Dr. William Ury’s 2007 guide, “The Power of a Positive No: Save the Deal, Save the Relationship and Still Say No,” offers an alternative to the familiar and dysfunctional strategies of either 1. accommodating an unreasonable request; 2. attacking the other person; or 3. avoiding the confrontation altogether — what he calls the “Three-A Trap.”
This straightforward puppy conflict was a perfect opportunity to practice Ury’s “positive no.” It’s the kind of ridiculous situation that can tie me up in knots, and if you’re conflict averse, too, you probably know exactly what I mean.
An ordinary no begins and ends with “no,” but a positive no sandwiches the no between two yeses, according to Ury, who is director of the Global Negotiation Project at Harvard University.
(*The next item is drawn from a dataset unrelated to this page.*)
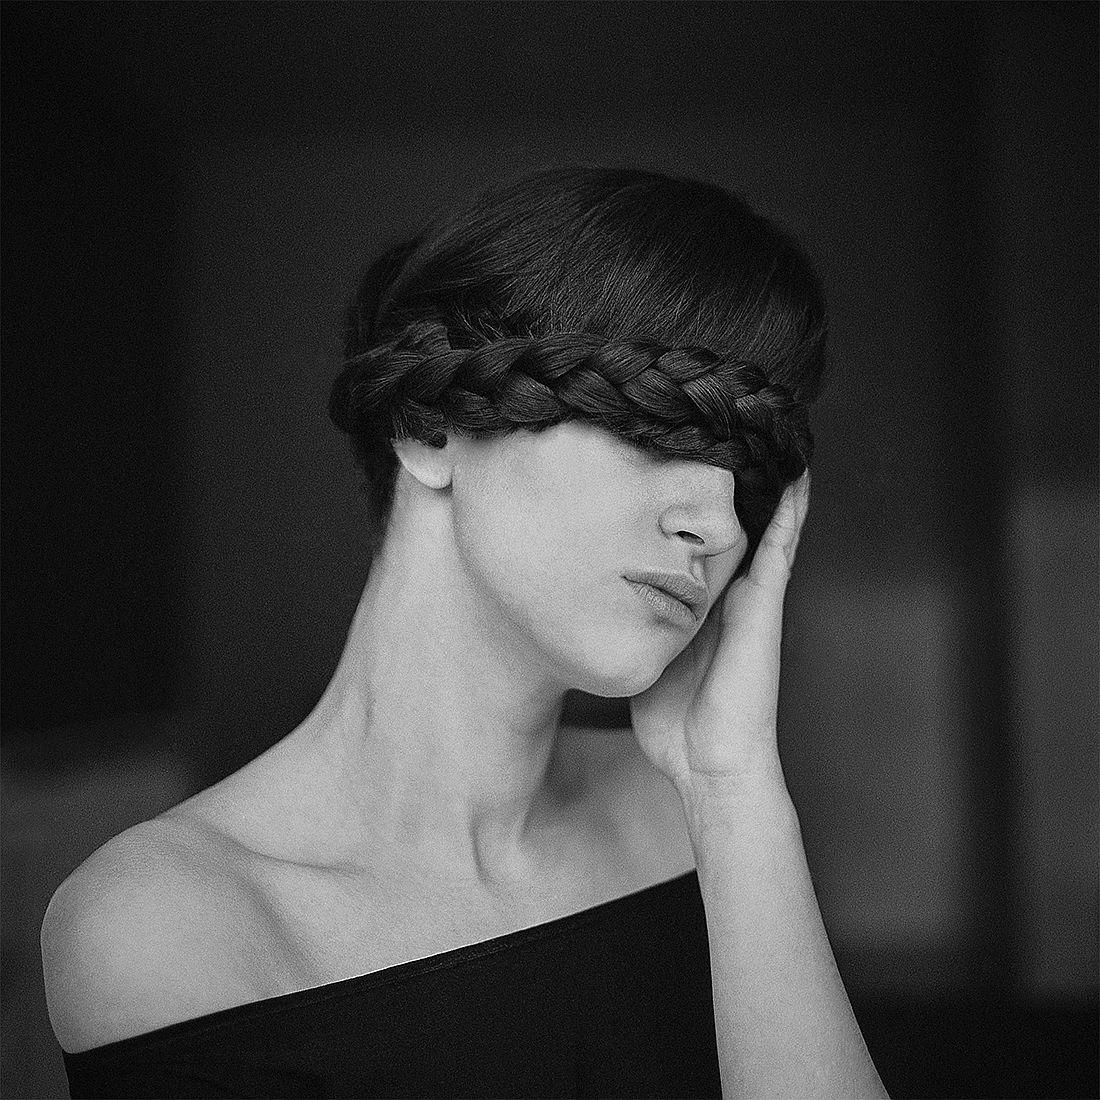 rafal-kazmierczak-nude-portrait-photographer-15

The positive no is all about framing. Here’s how, using my own puppy problem.
Step 1: The affirmation (Yes!)
“Why do you want to say no?” Ury asks. “What are your underlying interests, needs and values? Once you have answered this question, you can then crystallize your Yes! — your intention to protect what matters most to you.”
Step 1 is the place to find common ground: What can you and the person you are in conflict with agree on? Where are you both aligned?
I want these puppies to find good homes with owners who are ready and prepared to take them. My Yes! to this prospective puppy owner sounds like: “We so want you to have the puppy that is right for you when you’re ready to take him.” (There. I’ve leapt into the middle of the conflict!)
Step 2: Establish a limit (No)
“Because no is the word we use to express our power, the normal tendency is to overdo our noes, so they come across as attacking — or to underdo our noes, so they come across as weak and hesitant,” Ury writes. “How can you be assertive without being aggressive?”
It’s a lot easier to say no when it’s grounded in your values, on what you care about — when you are clear on what you are protecting — rather than when it’s about your irritation with the other person.
My No to this prospective puppy owner sounds like: “I won’t look after the puppy for two more weeks because I need to make room in my home for new foster puppies.” (Look, Ma, no hands! I said no, and I didn’t attack her for her outrageous request.)
Step 3: End with a proposal (Yes?)
“If the first yes is an affirmation of your core interests, this second yes is an invitation to a positive outcome,” Ury writes. “As you close one door with your no, you open another with your second yes, as if to say, ‘Will you come through the door with me?’”
This final step makes things a lot easier for us conflict-averse people. It’s a way to sweeten the no, to find a path forward, to stay in the relationship — without compromising our values and the things we care about.
My Yes? to this prospective puppy owner sounds like: “Why don’t I call you when I have a puppy ready for adoption later this summer, so you can be present and focused on your puppy when he arrives?”
The prospective puppy owner and I ended the call in warm agreement, with the door wide open for a future adoption.
What conflict?
First published in The Seattle Times. Read my archive of Seattle Times Explore columns.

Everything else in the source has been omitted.